Promover el debate de las ideas y el interés por los problemas fundamentales de la sociedad; incentivar el interés por la lectura; motivar el acercamiento a las más diversas manifestaciones del arte, hacia todas las corrientes del pensamiento y hacia todas las tendencias estético-literarias, con tolerancia y sin discriminación. Al final, serán los propios estudiantes quienes decidan por cuál o por cuáles corrientes inclinarse. Propiciar el encuentro y generar las condiciones para que los universitarios sean formados como seres autoconscientes, a la altura de las circunstancias, comprometidos con las exigencias que requiere su entorno, su aquí y ahora: ese es el objetivo de la formación cultural universitaria y de sus direcciones de Cultura.

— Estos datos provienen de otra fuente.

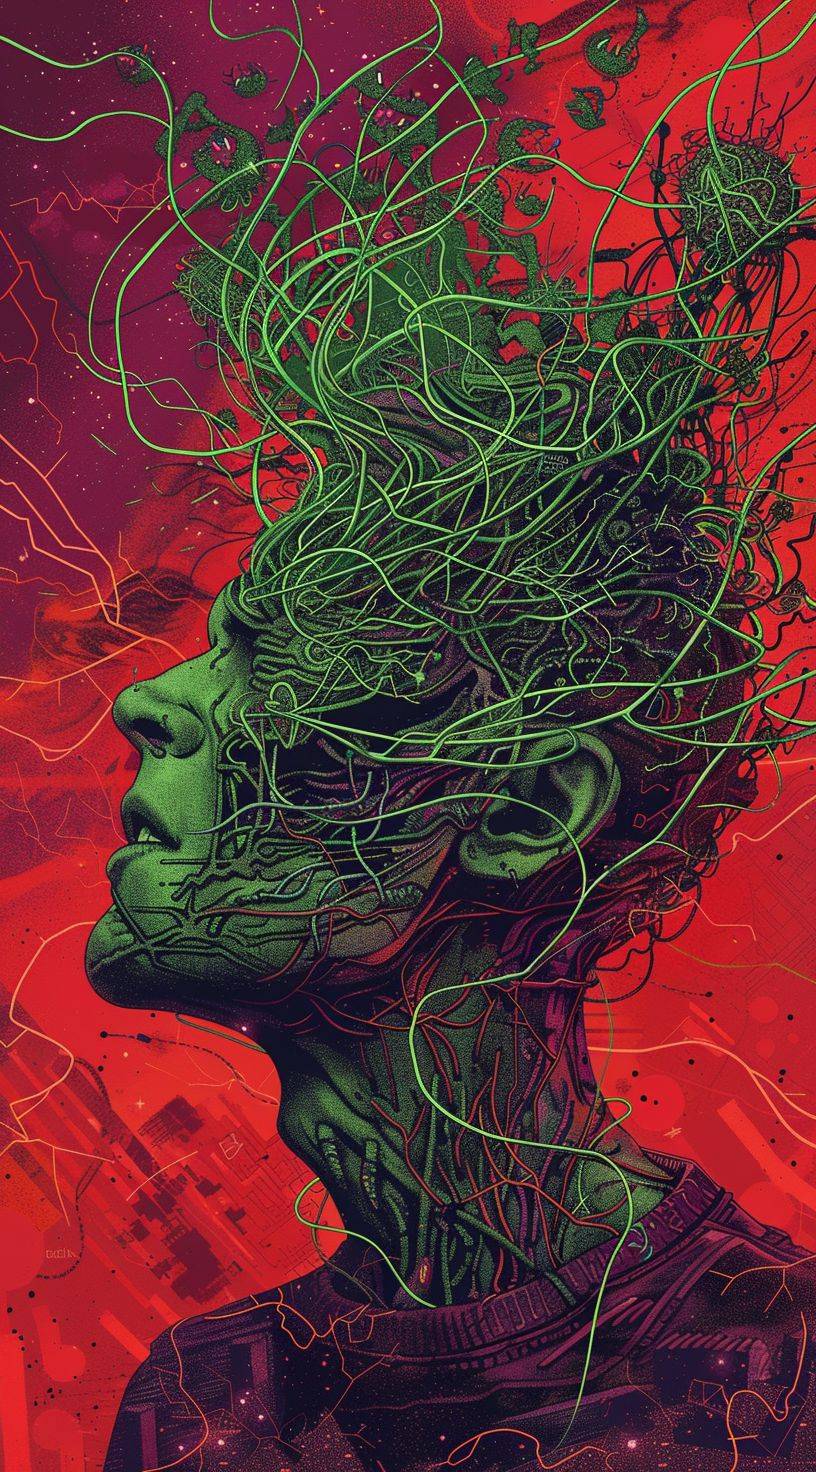 the head of in a red environment, with electricity lines coming from his head, and his head, in the style of interstellar comic book art, purple and green, hyper-detailed illustrations, dan mumford, josan gonzalez, trompe-l'œil illusionistic detail, cybersteampunk --ar 62:111
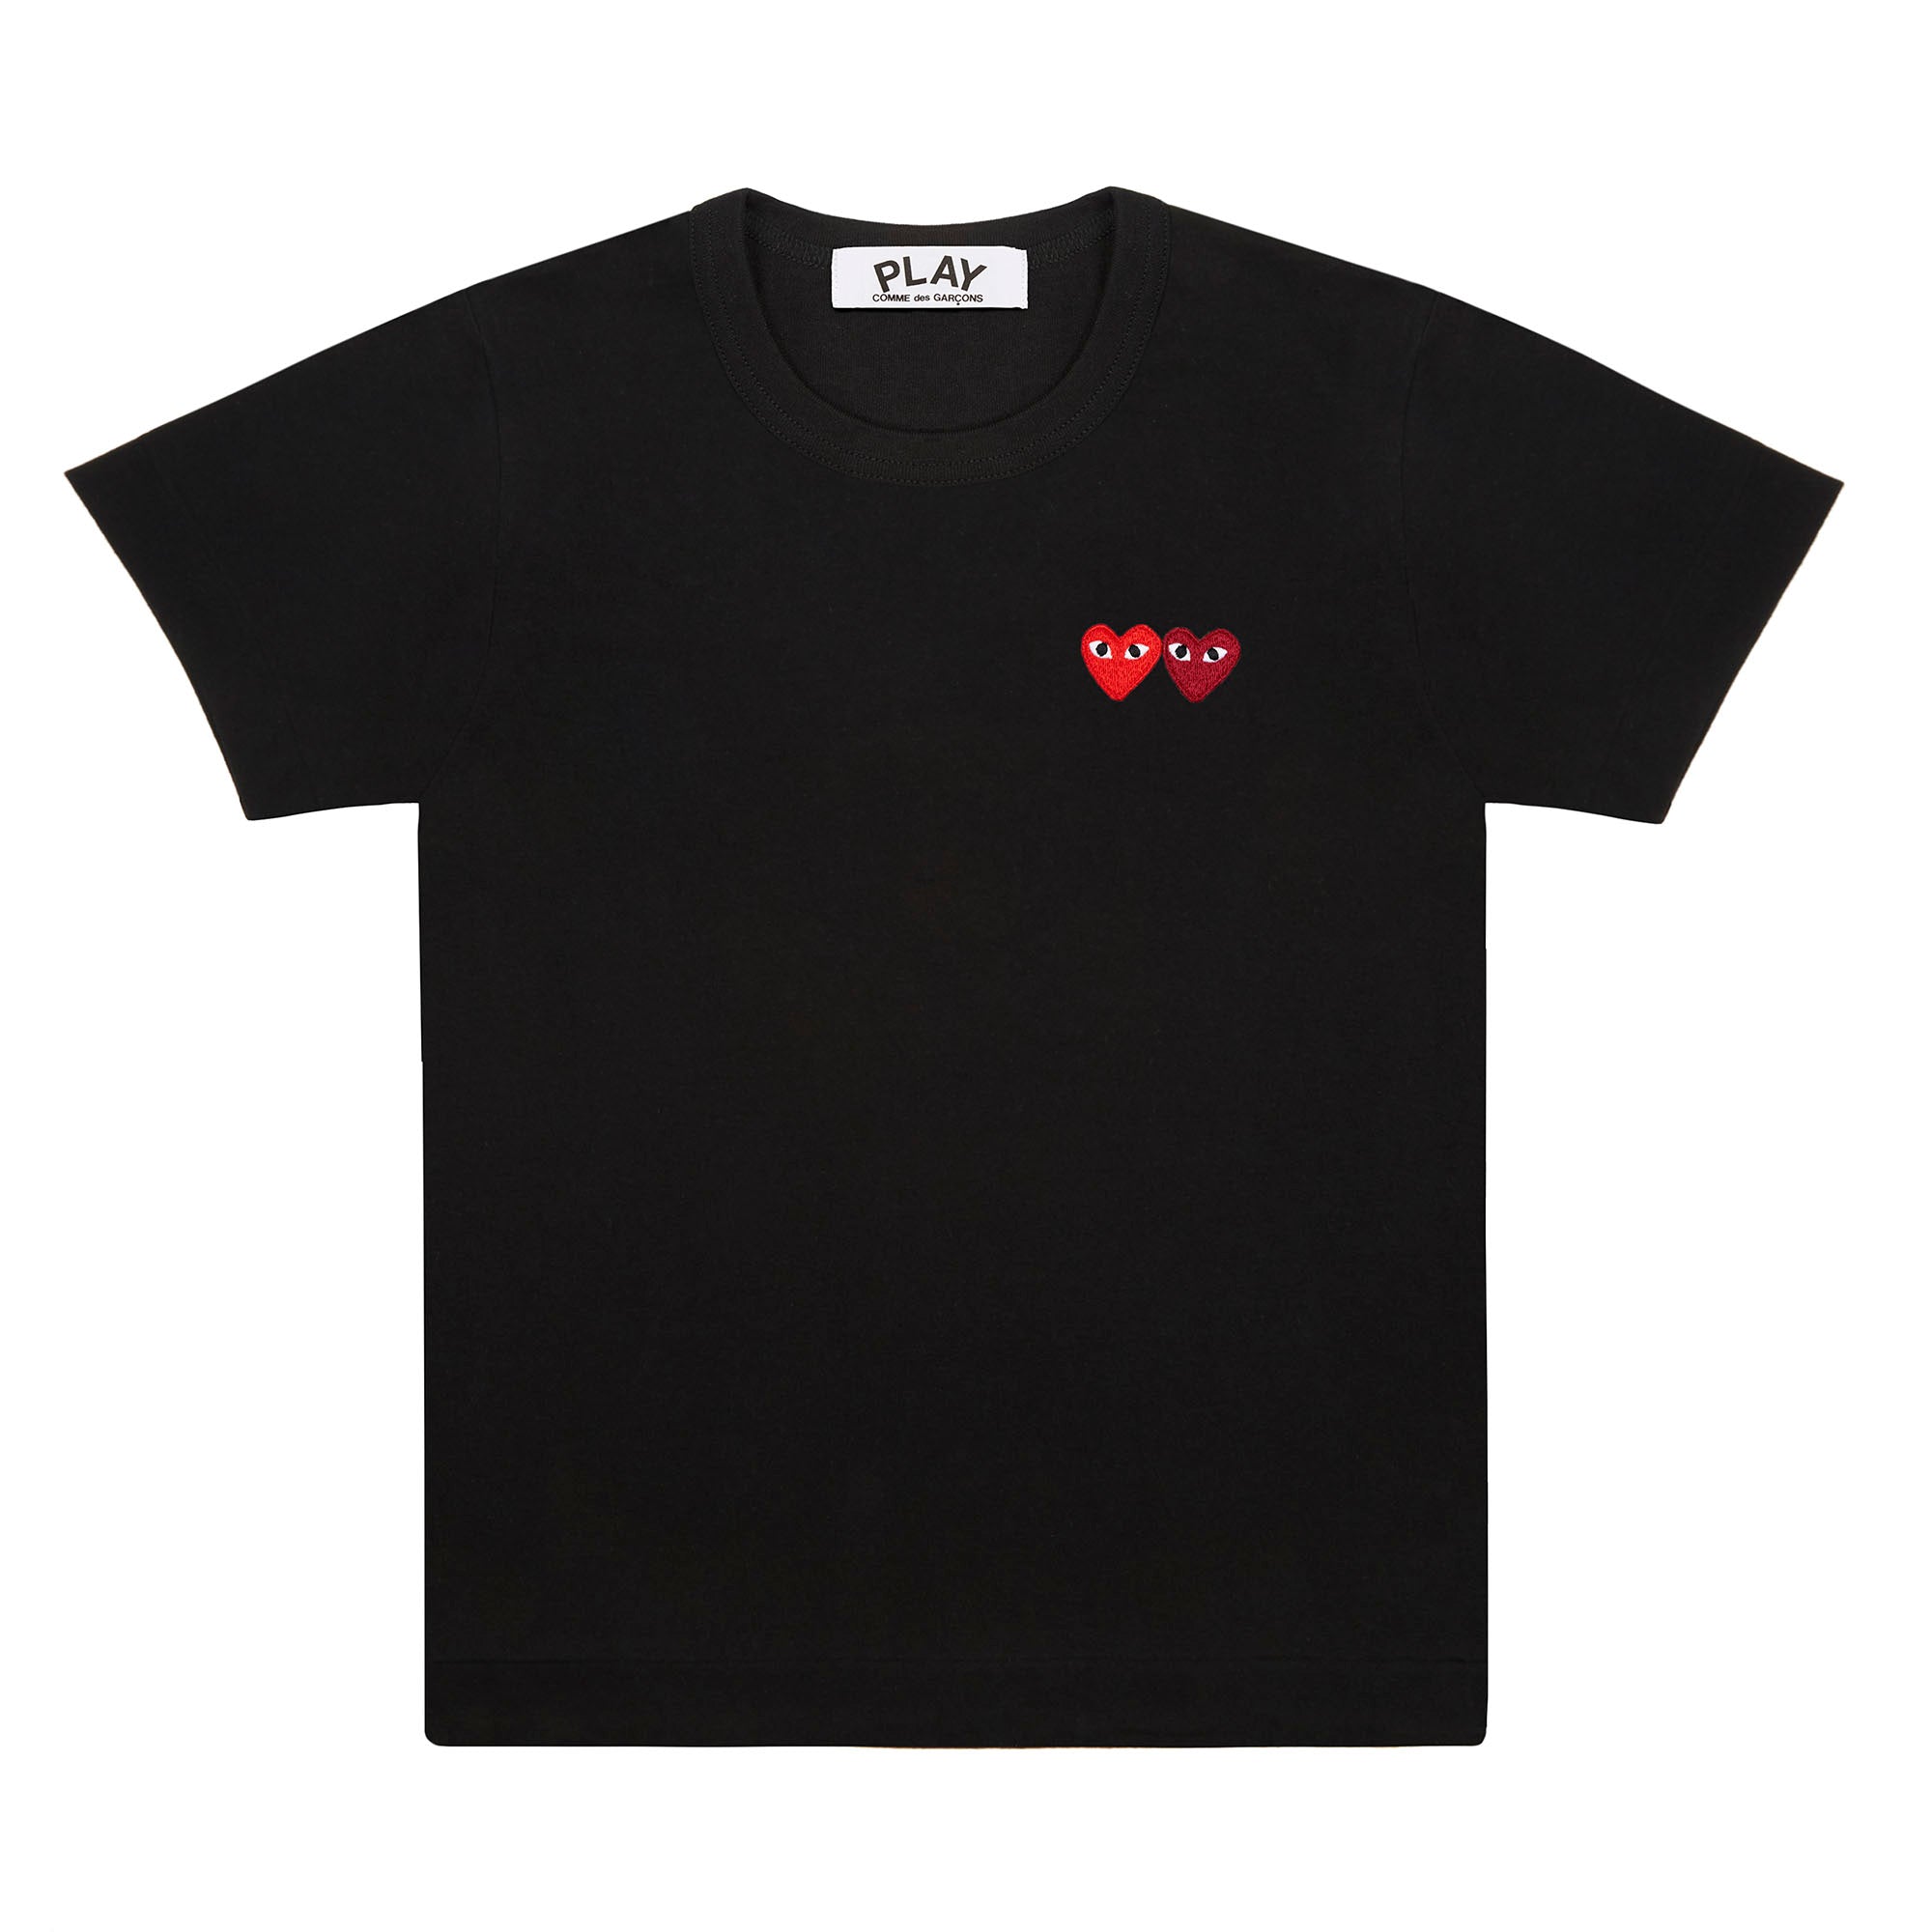 Play - T-Shirt with Double Heart - (Black) view 1

Concebir la cultura universitaria como una disciplina especial o como un “telón de fondo” de los actos académicos, o incluso, como la guinda de un refinado pero prescindible postre, la desdibuja, la empaña, la debilita. Le hace perder su condición esencial y hasta su dignidad. Porque, muy por el contrario de lo que se cree, ella es el máximo galardón de la inteligencia, toda vez que completa y perfecciona la formación universitaria, haciéndola más plena, fluida y realista. Una universidad sin una Dirección de Cultura que cumpla con la función antes descrita es como un templo sin sancta santorum, como un cuerpo sin alma.

En tiempos de tiranías y de pobreza espiritual, de sectarismo y violencia, conviene reafirmar el valor de la formación cultural como fuente de resistencia y base fundamental para el progreso de una sociedad que reclama la superación de las sombras de la ignorancia y de los fantasmas del terror autocrático.